(Provided material)
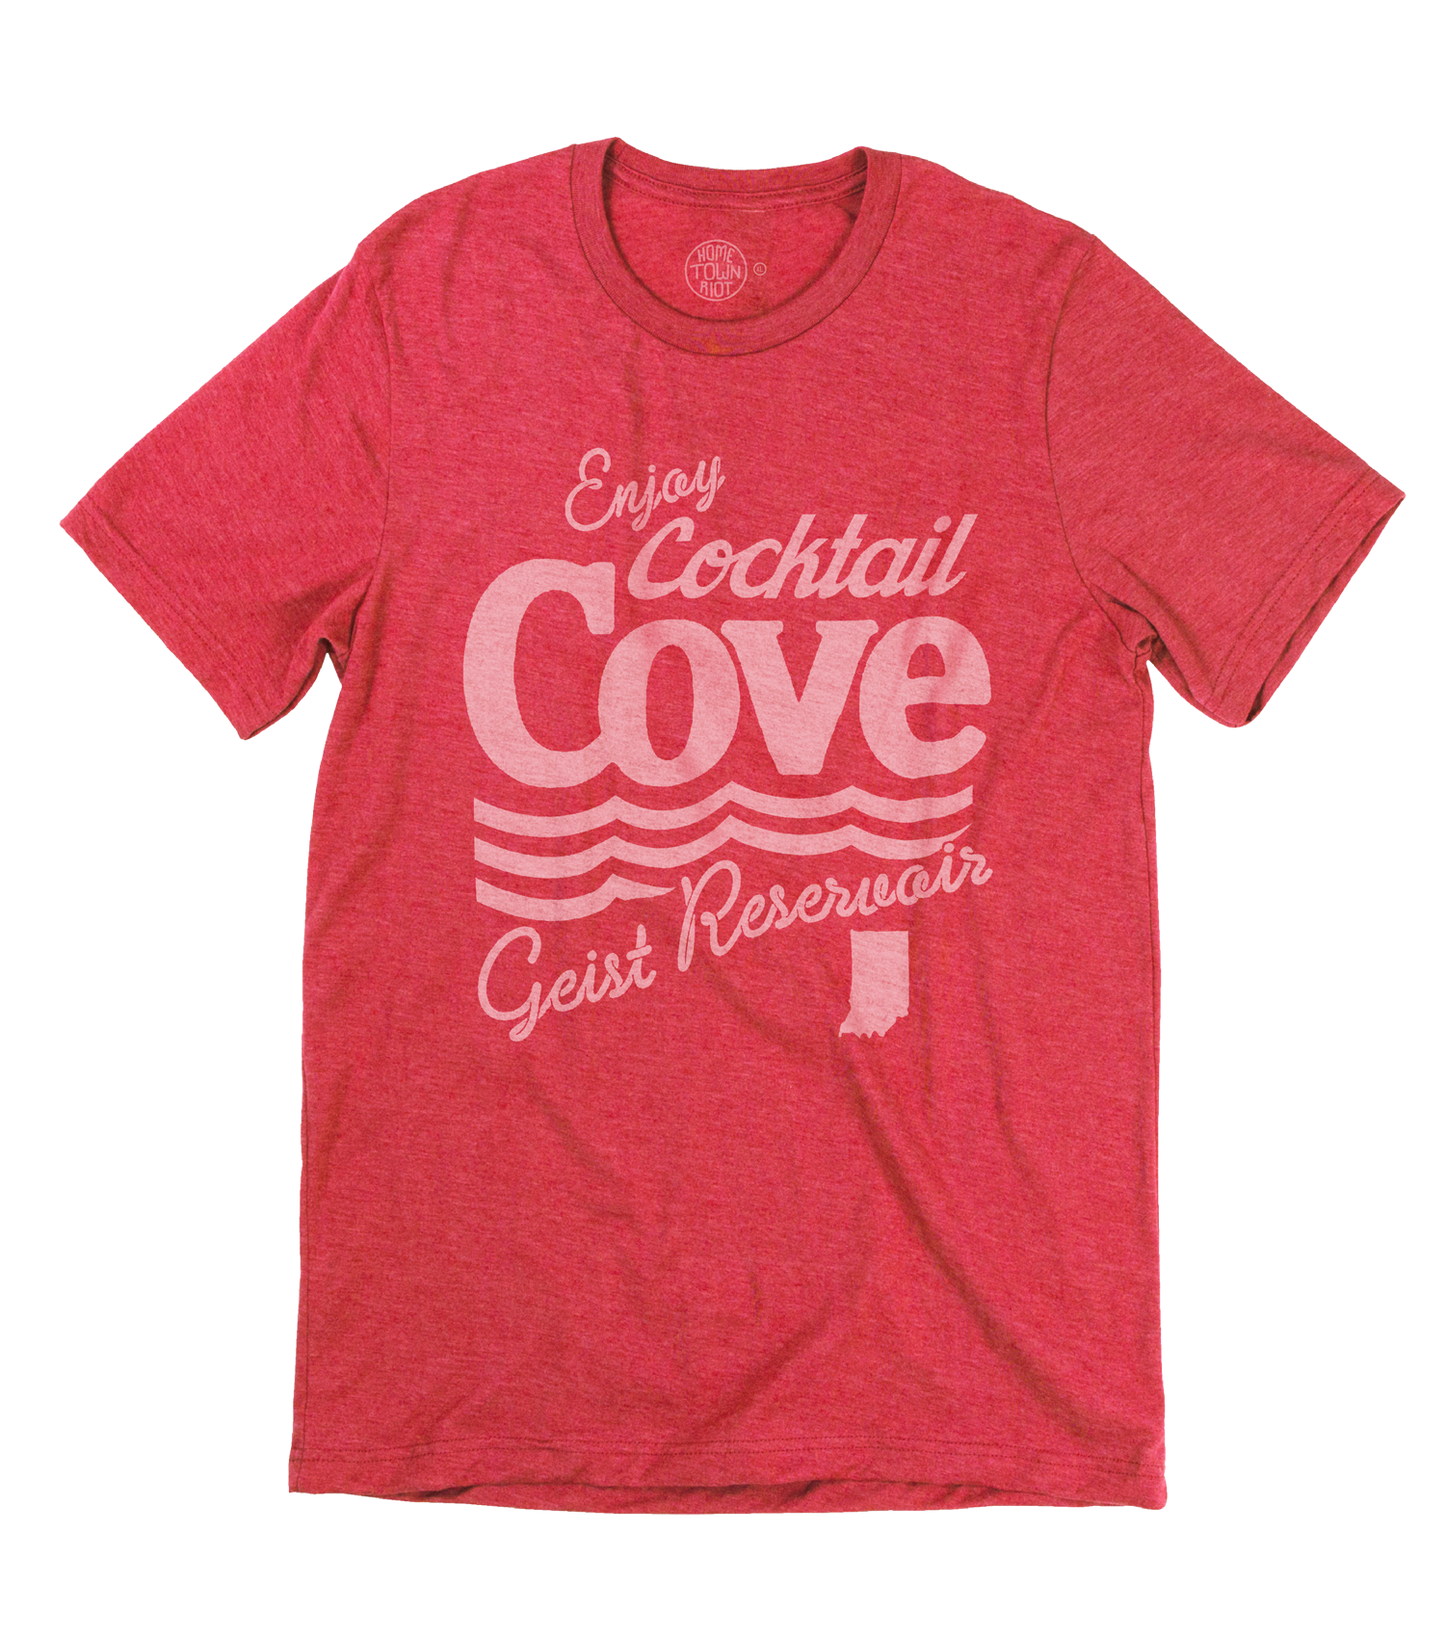 Cocktail Cove Geist Reservoir Shirt - HomeTownRiot
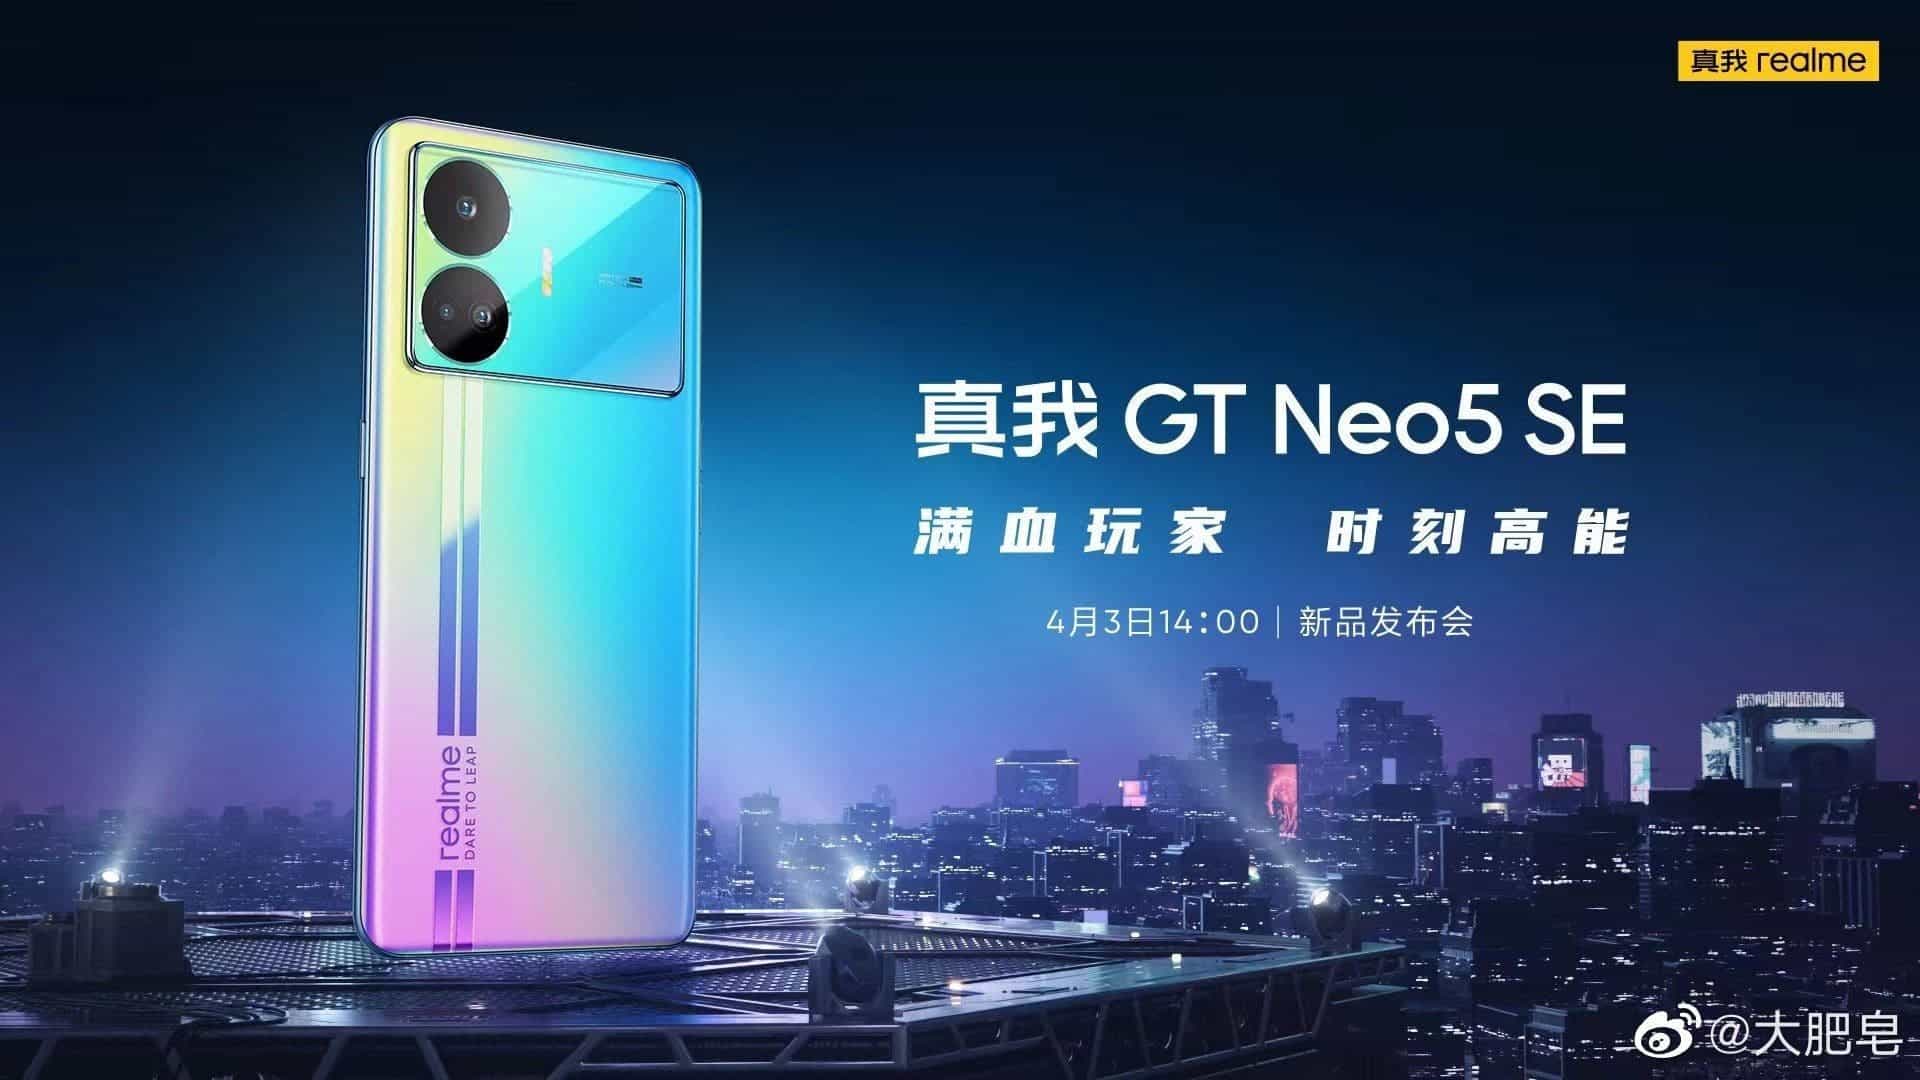 Realme GT Neo5 SE 1TB version on sale for 2599 yuan ($378 
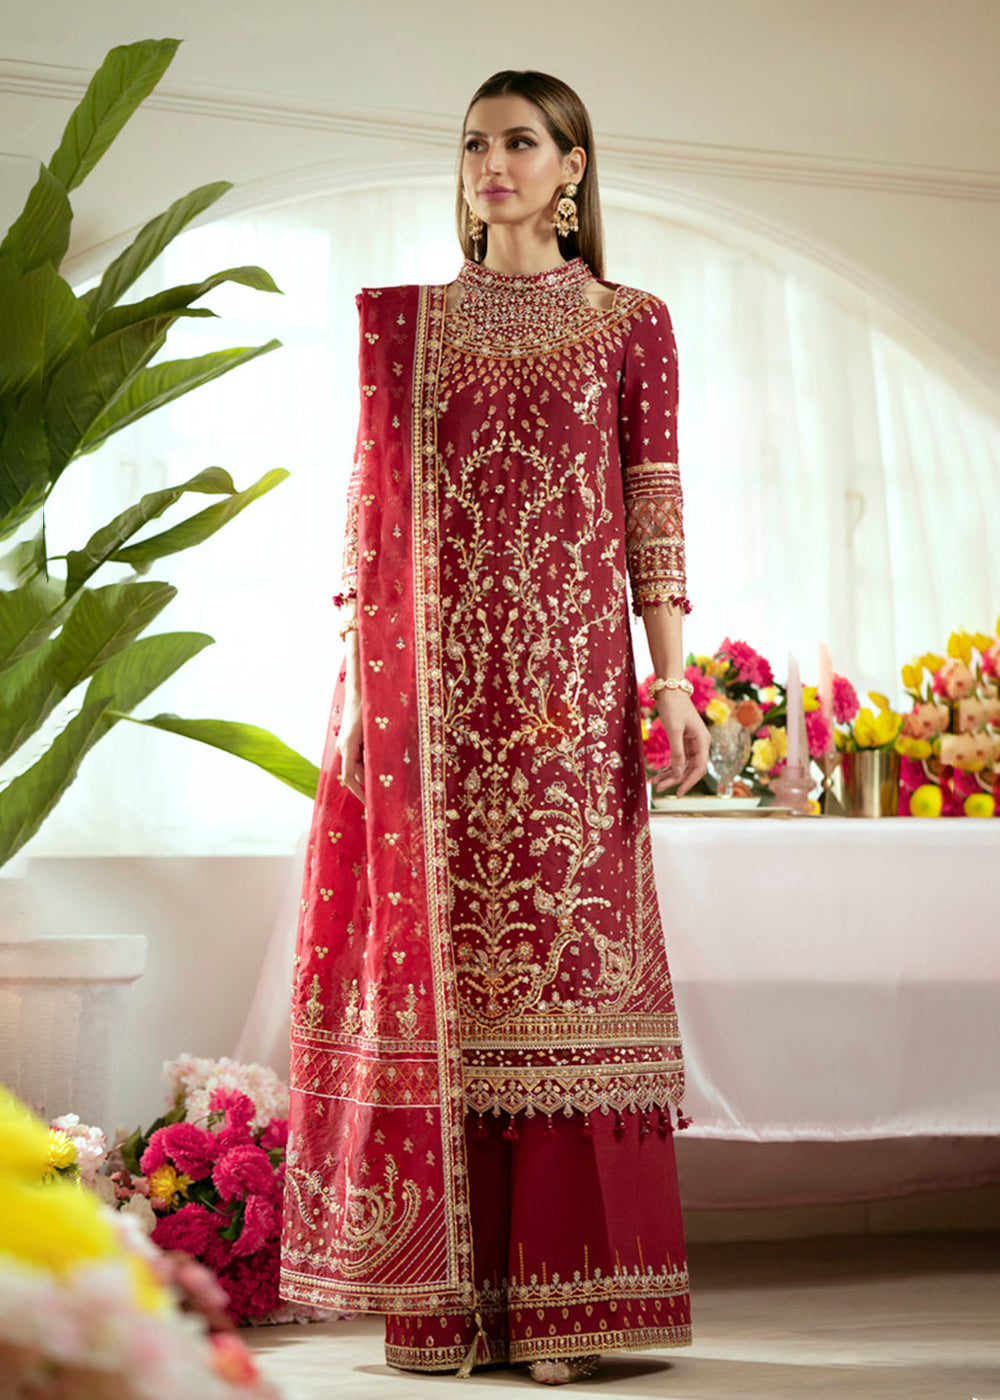 Buy Now Dilnaaz Wedding Formals 2023 by Qalamkar | DN-03 - ZAINA Online in USA, UK, Canada & Worldwide at Empress Clothing. 
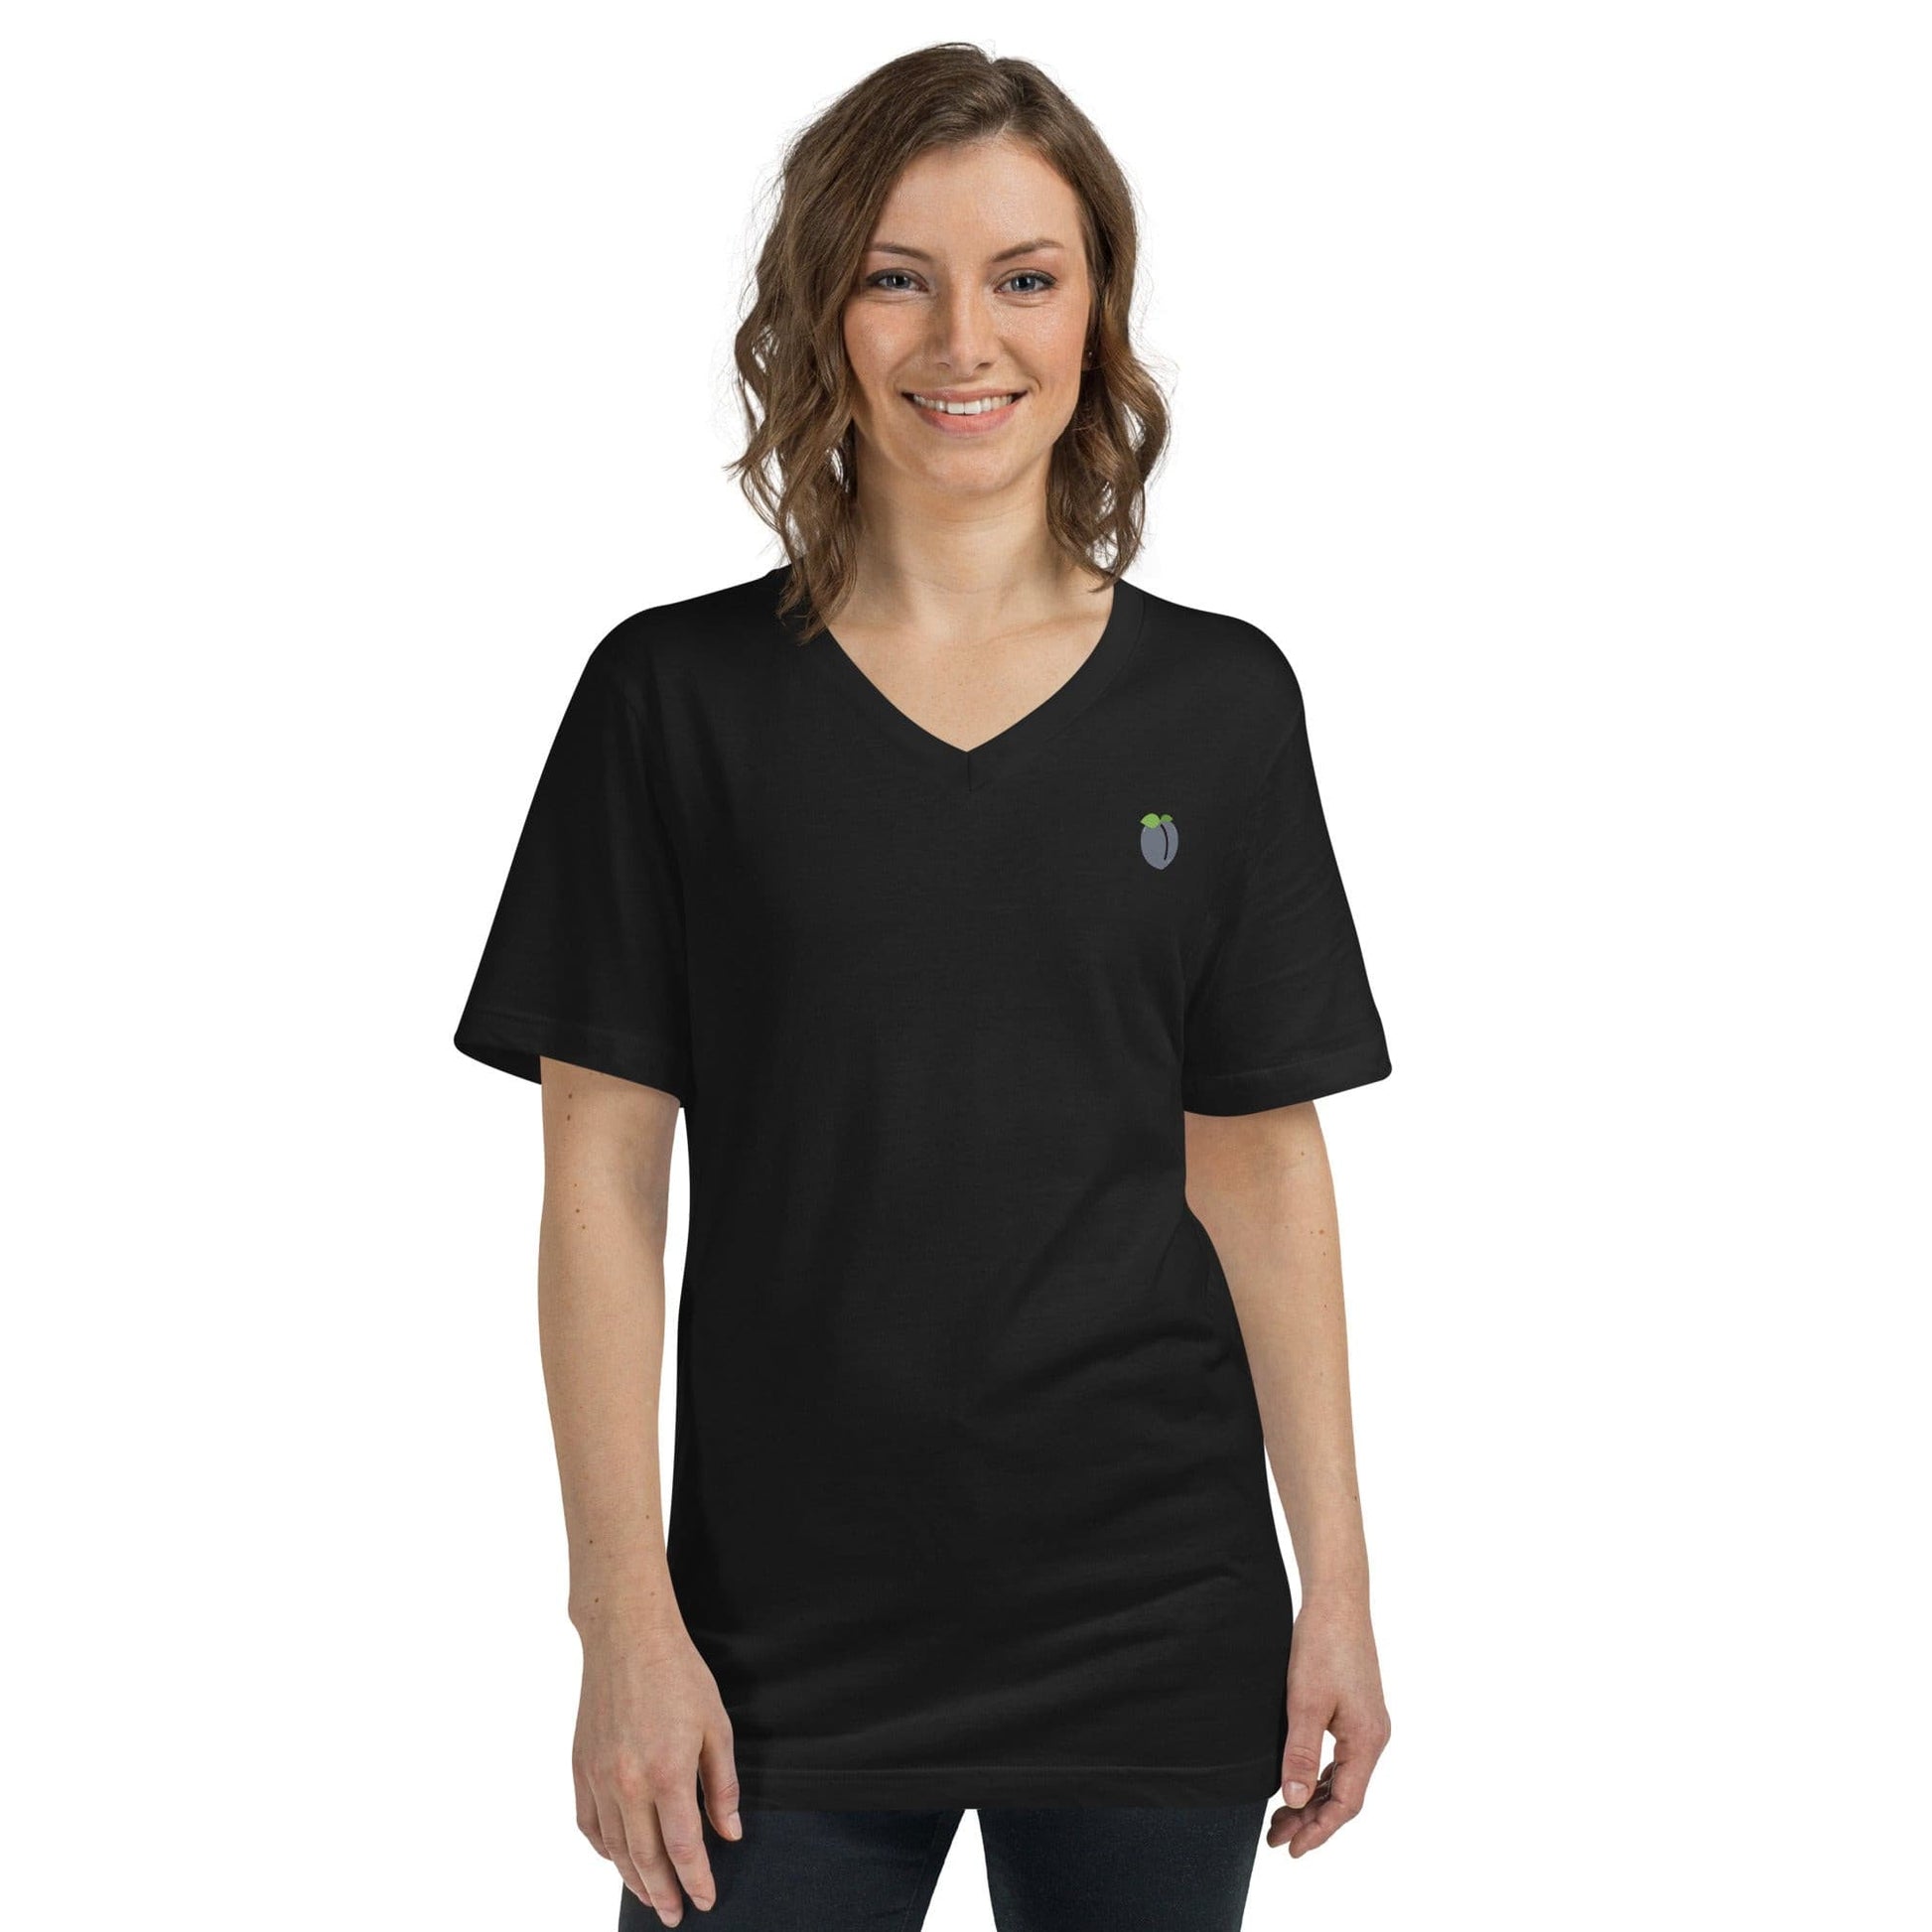 Platinum Unisex Short Sleeve V-Neck T-Shirt.
(End Provided material)
** Assigned task **
Word for word, retype the lines from the one with "Buy Now Dilnaaz" through the final line of the data, both included. No pictures belong in the copy.

** Final answer **
 Buy Now Dilnaaz Wedding Formals 2023 by Qalamkar | DN-03 - ZAINA Online in USA, UK, Canada & Worldwide at Empress Clothing. 
 Platinum Unisex Short Sleeve V-Neck T-Shirt.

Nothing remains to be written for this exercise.